##### DATA LISTING #####

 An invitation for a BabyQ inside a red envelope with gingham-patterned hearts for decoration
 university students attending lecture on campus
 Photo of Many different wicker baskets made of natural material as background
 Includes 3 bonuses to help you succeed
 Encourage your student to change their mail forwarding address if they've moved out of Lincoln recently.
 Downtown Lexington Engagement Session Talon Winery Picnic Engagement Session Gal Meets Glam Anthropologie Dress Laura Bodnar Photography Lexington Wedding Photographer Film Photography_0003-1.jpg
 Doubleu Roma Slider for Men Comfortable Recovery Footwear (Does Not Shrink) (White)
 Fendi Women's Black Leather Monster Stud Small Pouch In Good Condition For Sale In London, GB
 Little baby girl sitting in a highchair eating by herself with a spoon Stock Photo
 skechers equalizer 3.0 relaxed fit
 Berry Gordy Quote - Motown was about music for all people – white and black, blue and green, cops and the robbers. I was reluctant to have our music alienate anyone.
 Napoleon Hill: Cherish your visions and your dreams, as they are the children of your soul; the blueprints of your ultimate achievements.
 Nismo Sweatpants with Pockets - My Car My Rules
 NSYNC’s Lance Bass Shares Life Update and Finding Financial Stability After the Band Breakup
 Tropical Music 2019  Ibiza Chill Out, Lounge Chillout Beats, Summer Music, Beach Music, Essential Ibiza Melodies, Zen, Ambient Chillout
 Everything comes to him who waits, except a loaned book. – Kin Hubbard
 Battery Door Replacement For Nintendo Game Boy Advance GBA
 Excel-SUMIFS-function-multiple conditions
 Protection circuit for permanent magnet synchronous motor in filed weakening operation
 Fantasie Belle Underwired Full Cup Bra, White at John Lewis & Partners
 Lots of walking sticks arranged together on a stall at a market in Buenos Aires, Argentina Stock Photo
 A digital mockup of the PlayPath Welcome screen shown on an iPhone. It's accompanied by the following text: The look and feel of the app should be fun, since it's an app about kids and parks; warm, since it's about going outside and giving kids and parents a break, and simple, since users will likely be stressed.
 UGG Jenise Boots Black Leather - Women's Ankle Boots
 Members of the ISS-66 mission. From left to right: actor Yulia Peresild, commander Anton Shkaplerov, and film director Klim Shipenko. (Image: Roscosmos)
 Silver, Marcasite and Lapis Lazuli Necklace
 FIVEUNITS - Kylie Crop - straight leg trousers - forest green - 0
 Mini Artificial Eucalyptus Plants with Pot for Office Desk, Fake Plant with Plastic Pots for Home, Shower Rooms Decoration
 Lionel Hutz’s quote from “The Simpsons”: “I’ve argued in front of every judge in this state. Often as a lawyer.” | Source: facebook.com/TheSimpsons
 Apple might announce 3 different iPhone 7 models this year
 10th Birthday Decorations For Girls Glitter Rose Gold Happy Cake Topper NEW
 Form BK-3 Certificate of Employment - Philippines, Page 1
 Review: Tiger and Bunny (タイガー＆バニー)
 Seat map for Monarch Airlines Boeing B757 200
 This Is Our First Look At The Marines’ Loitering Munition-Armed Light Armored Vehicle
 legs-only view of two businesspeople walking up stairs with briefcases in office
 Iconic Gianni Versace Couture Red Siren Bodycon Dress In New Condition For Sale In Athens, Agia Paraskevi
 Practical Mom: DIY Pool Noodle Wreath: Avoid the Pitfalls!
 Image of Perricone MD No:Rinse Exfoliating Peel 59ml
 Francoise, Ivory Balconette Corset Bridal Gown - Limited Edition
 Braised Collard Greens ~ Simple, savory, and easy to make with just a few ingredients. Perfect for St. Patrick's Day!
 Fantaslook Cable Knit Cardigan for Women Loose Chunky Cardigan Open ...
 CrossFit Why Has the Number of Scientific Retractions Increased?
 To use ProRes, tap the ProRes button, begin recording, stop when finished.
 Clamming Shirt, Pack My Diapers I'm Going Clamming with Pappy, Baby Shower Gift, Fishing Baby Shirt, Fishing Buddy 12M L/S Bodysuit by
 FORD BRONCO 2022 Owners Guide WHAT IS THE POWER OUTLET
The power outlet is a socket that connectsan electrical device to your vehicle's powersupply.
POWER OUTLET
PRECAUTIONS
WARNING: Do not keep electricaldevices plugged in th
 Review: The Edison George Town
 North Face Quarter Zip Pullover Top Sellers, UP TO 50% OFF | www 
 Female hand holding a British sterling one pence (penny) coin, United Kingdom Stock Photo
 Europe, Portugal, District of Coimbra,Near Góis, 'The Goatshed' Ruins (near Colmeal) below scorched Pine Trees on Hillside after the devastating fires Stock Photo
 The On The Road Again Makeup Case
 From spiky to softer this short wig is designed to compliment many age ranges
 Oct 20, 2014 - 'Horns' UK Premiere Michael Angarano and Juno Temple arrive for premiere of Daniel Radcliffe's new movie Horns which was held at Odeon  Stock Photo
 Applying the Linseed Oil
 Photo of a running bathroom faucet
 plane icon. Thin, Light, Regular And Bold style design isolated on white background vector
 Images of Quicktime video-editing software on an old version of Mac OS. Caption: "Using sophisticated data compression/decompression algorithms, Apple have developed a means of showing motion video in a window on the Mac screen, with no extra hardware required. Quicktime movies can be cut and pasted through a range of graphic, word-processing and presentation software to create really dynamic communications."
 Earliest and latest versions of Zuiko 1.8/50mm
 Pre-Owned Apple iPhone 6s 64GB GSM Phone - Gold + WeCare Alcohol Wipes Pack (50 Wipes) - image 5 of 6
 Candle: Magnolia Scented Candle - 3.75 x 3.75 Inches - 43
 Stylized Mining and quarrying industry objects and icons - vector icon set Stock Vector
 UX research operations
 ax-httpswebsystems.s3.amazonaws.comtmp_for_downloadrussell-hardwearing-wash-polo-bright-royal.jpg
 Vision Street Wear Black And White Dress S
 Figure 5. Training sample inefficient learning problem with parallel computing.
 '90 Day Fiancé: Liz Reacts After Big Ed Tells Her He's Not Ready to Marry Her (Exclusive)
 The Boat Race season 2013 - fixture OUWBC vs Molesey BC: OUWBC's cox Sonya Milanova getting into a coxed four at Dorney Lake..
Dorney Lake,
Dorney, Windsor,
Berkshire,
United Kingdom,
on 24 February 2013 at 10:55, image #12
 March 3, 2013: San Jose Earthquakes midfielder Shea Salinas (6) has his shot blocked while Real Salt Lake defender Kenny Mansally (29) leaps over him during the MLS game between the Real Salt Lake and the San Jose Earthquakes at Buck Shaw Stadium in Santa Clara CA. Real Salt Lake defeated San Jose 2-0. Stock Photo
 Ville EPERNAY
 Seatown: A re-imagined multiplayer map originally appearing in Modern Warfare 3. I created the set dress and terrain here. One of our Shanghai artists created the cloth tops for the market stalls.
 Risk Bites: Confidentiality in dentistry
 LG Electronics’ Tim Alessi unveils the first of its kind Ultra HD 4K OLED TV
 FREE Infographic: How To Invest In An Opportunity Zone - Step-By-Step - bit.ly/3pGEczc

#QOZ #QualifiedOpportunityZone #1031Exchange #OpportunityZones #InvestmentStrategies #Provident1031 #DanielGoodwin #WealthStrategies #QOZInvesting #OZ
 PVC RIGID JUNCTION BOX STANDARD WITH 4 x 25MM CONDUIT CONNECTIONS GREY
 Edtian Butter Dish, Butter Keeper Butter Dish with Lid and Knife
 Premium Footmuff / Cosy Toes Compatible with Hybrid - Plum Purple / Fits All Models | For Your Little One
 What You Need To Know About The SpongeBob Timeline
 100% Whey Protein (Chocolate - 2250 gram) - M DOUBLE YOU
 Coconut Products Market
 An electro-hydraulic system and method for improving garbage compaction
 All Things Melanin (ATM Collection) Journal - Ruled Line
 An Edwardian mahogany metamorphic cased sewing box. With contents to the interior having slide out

#####

## WORK INSTRUCTIONS:
Copy out every line from the data above that has "Women" in it.

## EXERCISE ANSWER:
 Fendi Women's Black Leather Monster Stud Small Pouch In Good Condition For Sale In London, GB
 UGG Jenise Boots Black Leather - Women's Ankle Boots
 Fantaslook Cable Knit Cardigan for Women Loose Chunky Cardigan Open ...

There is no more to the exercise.